Ask HN: Is it possible to be successful without getting into a top college? - lowiqengineer
There are countless YC founders and other notable engineers who dropped out of elite schools like MIT and Stanford and yet more who talk about going to their state school despite getting into better institutions. I never got into anything better than my state school and my career so far has been exceptionally mediocre. From what I understand people don’t generally change after they reach adulthood - am I doomed to mediocrity? Are there folks that were able to succeed later in life?
======
_bxg1
At the risk of sounding harsh, this is an incredibly silly way of looking at
things. Of course you can be successful. And I'm not speaking from a toxic
social-Darwinist mindset; there really are people out there for whom the cards
of life are stacked against them and no amount of bootstrap-pulling is likely
to change that. But an engineer who graduated from an accredited college
(assuming there aren't additional circumstances) is not one of those people.

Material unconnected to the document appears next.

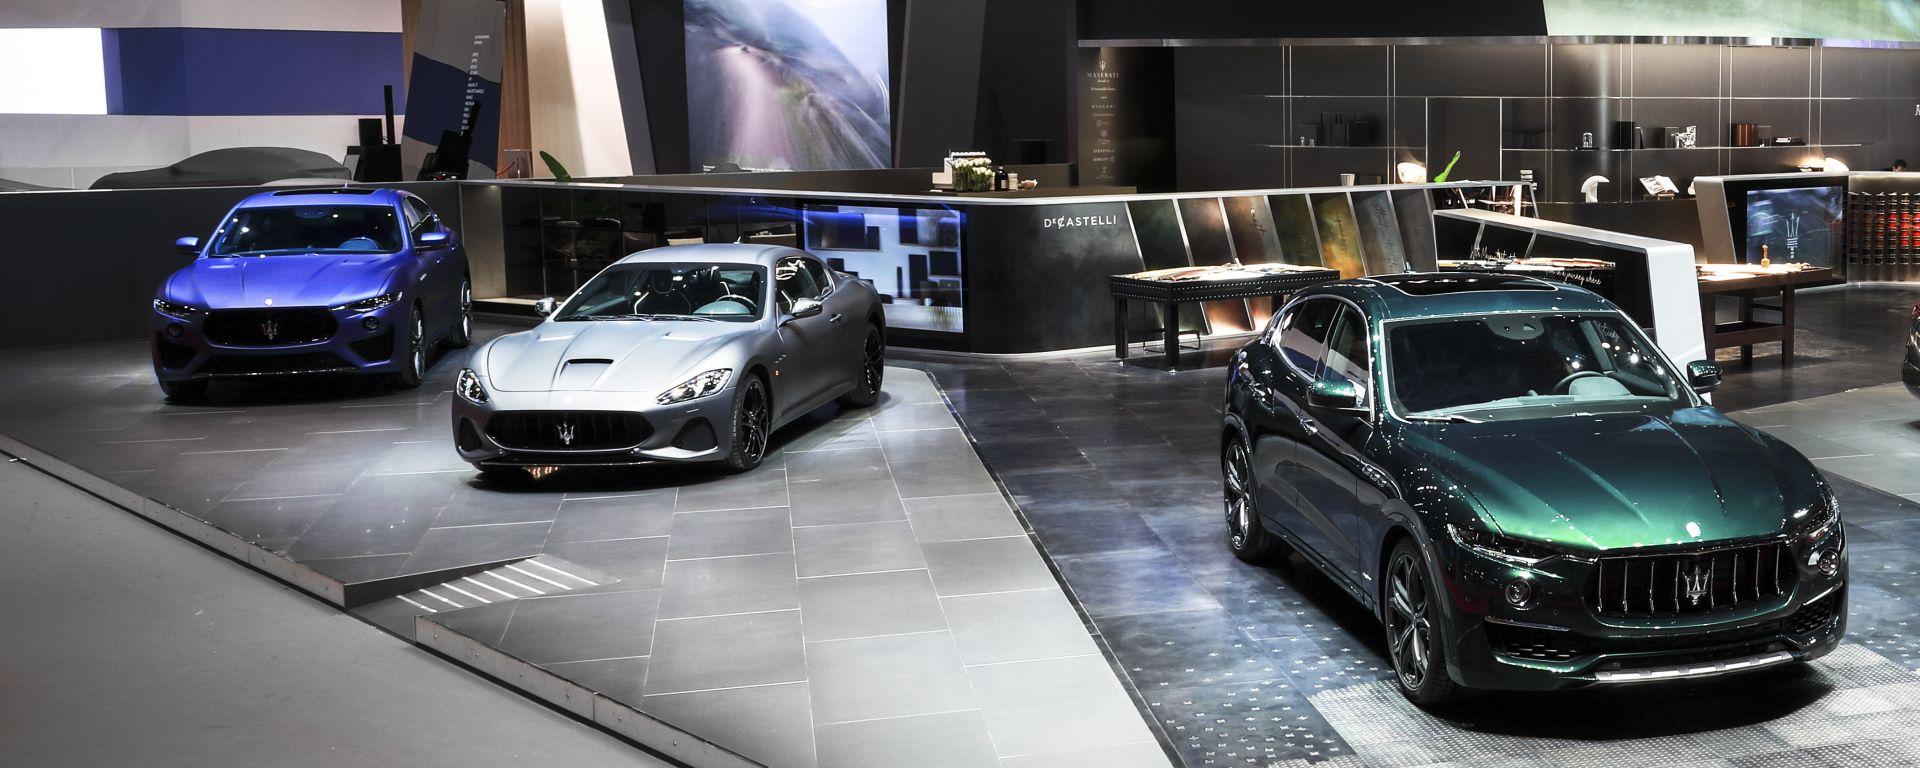 Salone di Ginevra 2019, lo stand Maserati
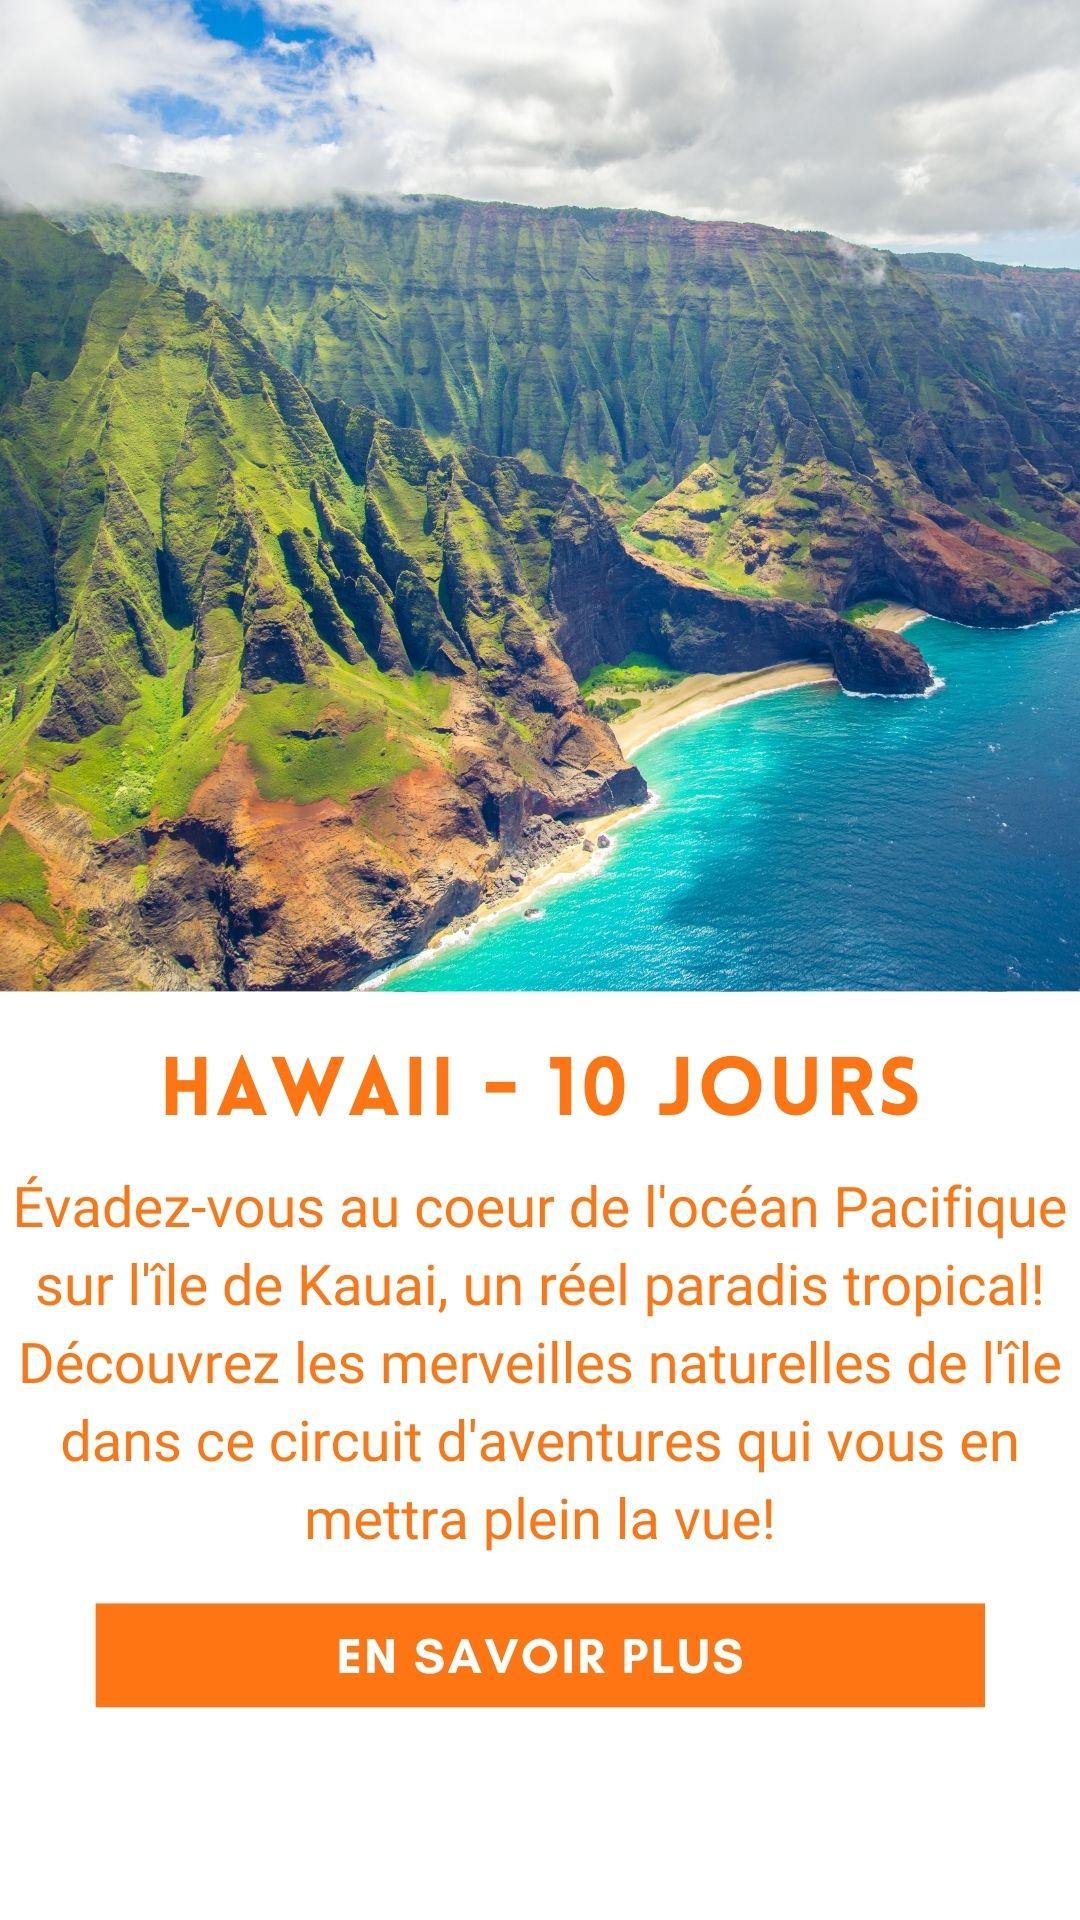 Voyage organisé à Hawaii

I would guess that your definition of "successful" is set unrealistically
high, and/or you've burned-out when it comes to moving above what you consider
to be "mediocre". The former can also lead to the latter.

I recommend re-evaluating what will actually make you happy. Take a critical
eye to the expectations you place on yourself and make sure you're only
hanging on to the ones that will make you yourself happy, not the ones that
society, or your parents, or anyone else has given you. Alternately, for some
people, having expectations at all is problematic. Some people (like me)
thrive in the absence of pressure and get paralyzed by it when it is present.
It could be that you just need to give yourself a break and ask yourself what
you _want_ from life, instead of what you think you're _supposed_ to want.
Everyone's different.

Best of luck working through all this.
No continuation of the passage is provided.